Material for the task ▸
*-*-*
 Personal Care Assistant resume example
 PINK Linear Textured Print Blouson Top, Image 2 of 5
*-*-*
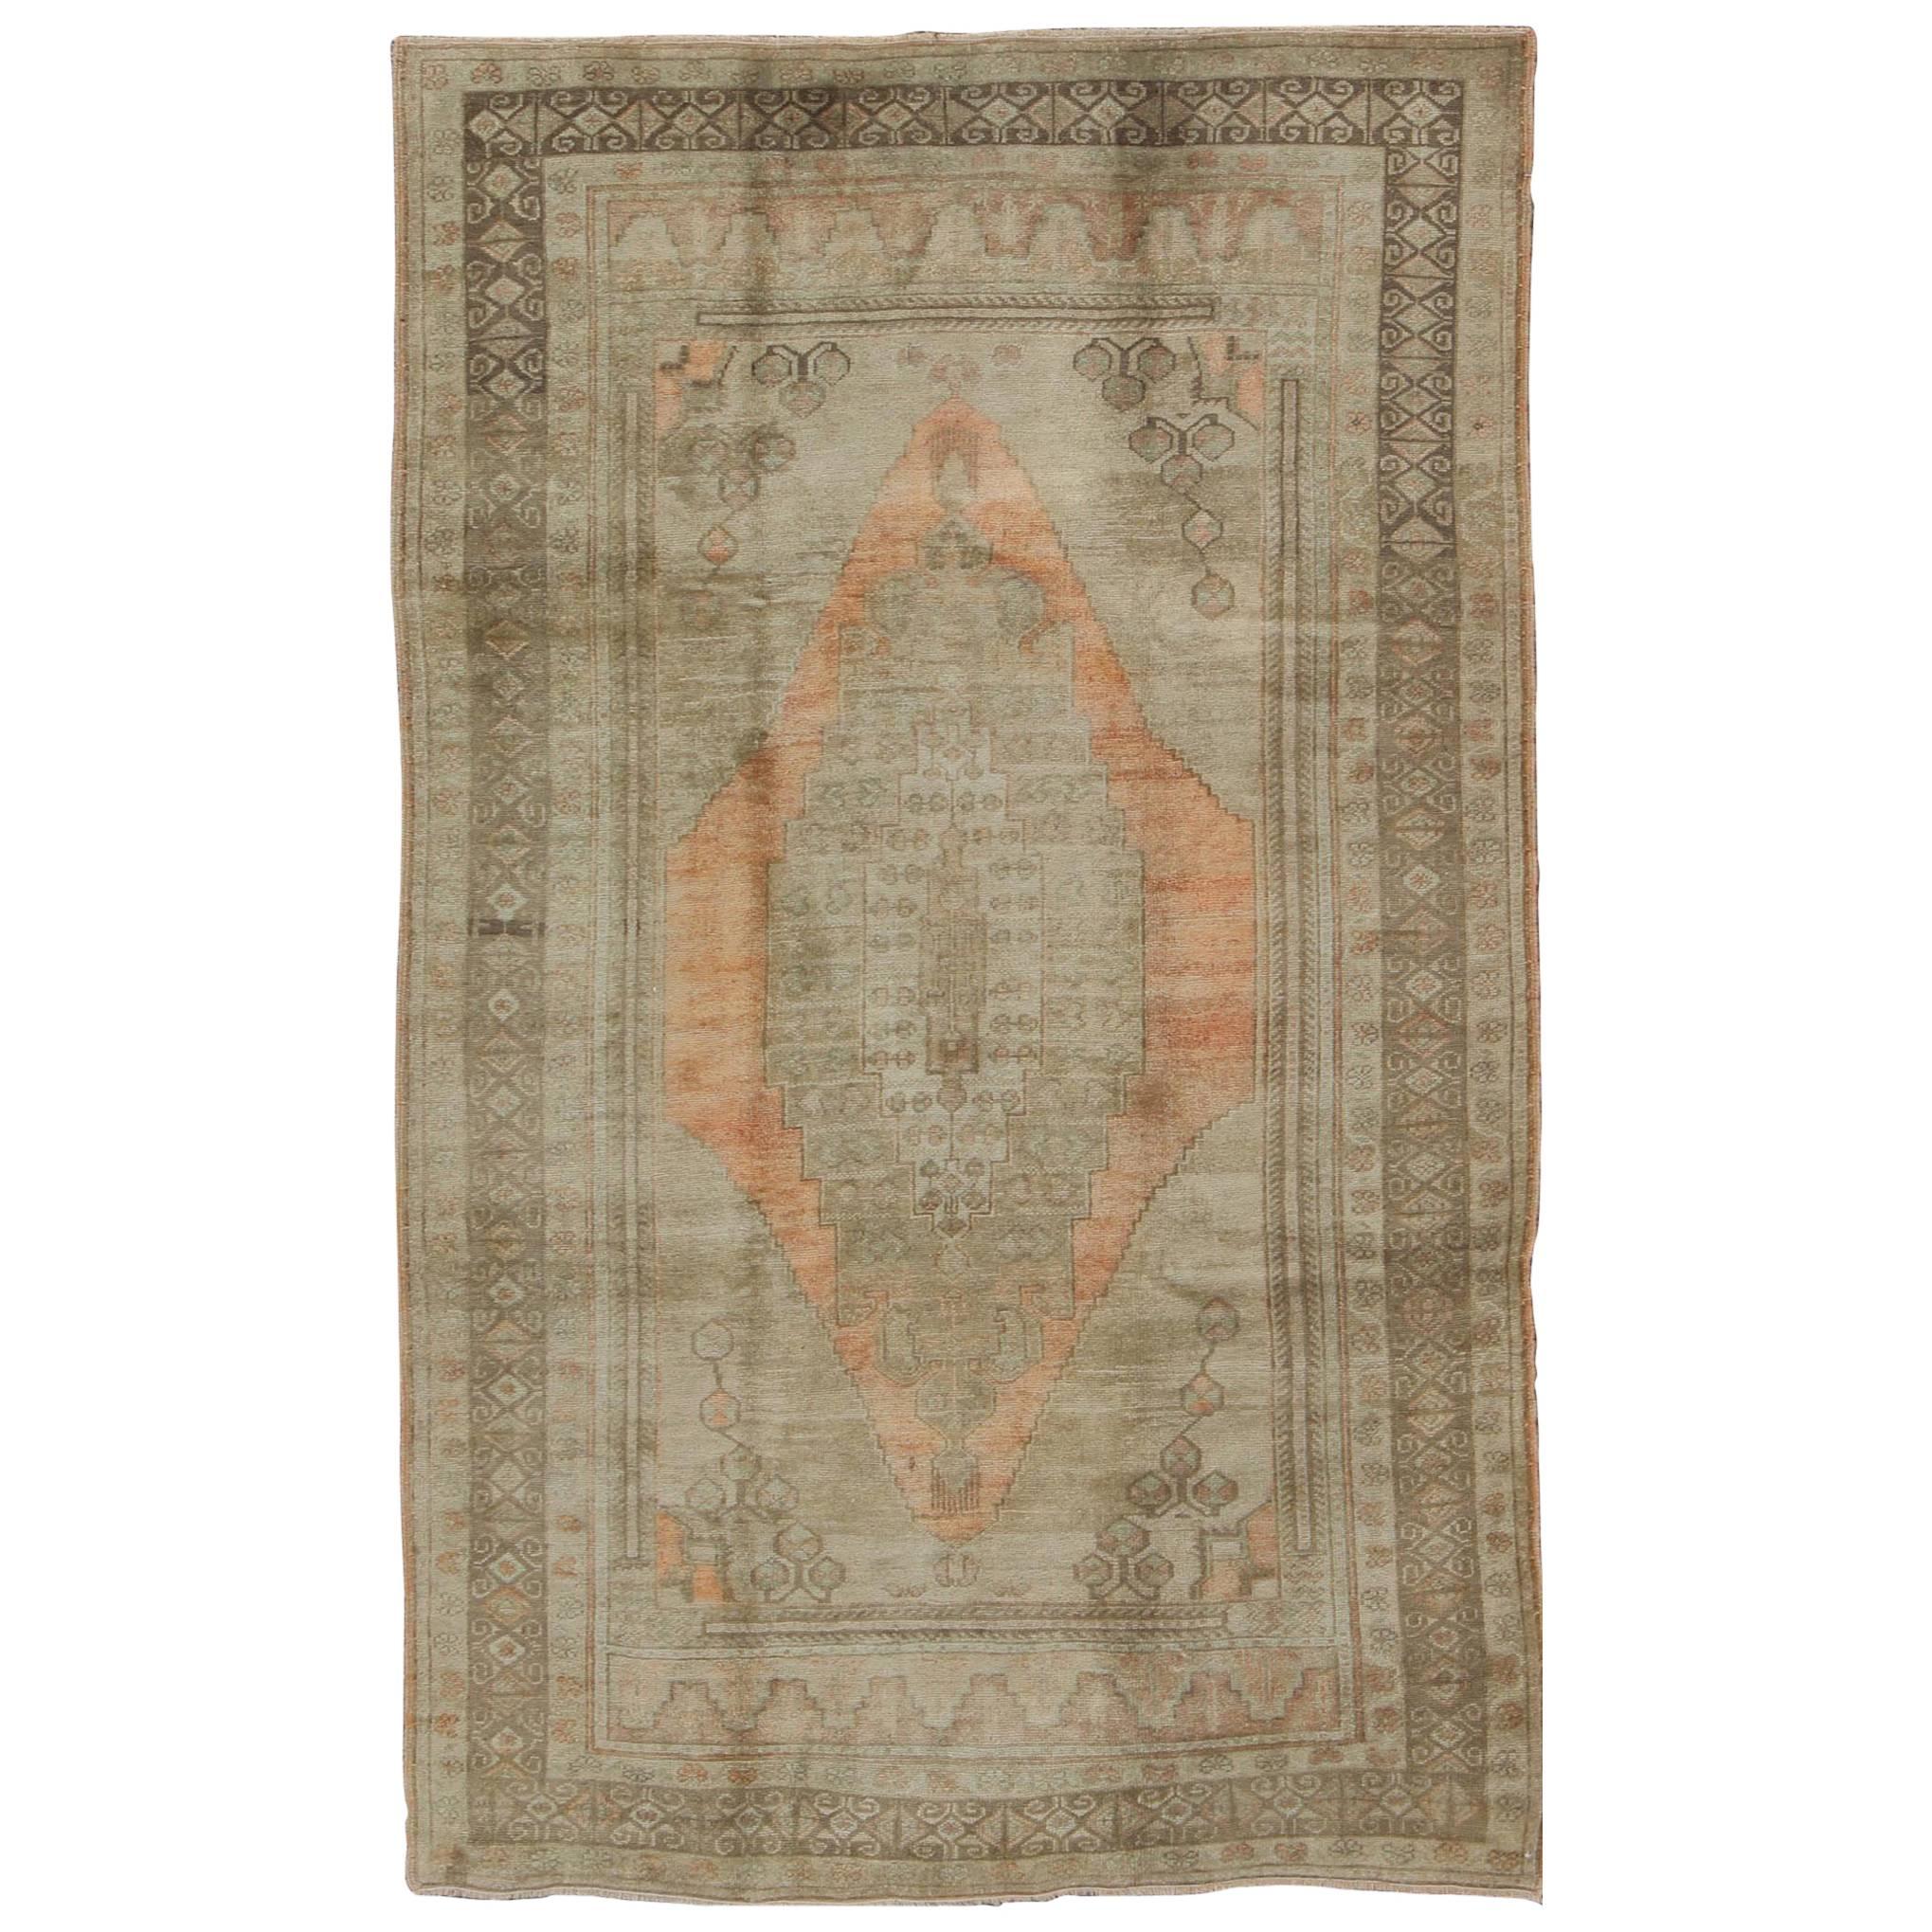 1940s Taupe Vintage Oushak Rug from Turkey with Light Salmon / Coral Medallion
*-*-*
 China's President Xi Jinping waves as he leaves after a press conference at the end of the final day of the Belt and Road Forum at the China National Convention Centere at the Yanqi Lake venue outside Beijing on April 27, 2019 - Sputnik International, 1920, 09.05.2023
*-*-*
What is expected ▸ Retype the entries above exactly, but only from the line containing "Personal Care Assistant resume example" through the line containing "PINK Linear Textured", both included.

Written response ▸
 Personal Care Assistant resume example
 PINK Linear Textured Print Blouson Top, Image 2 of 5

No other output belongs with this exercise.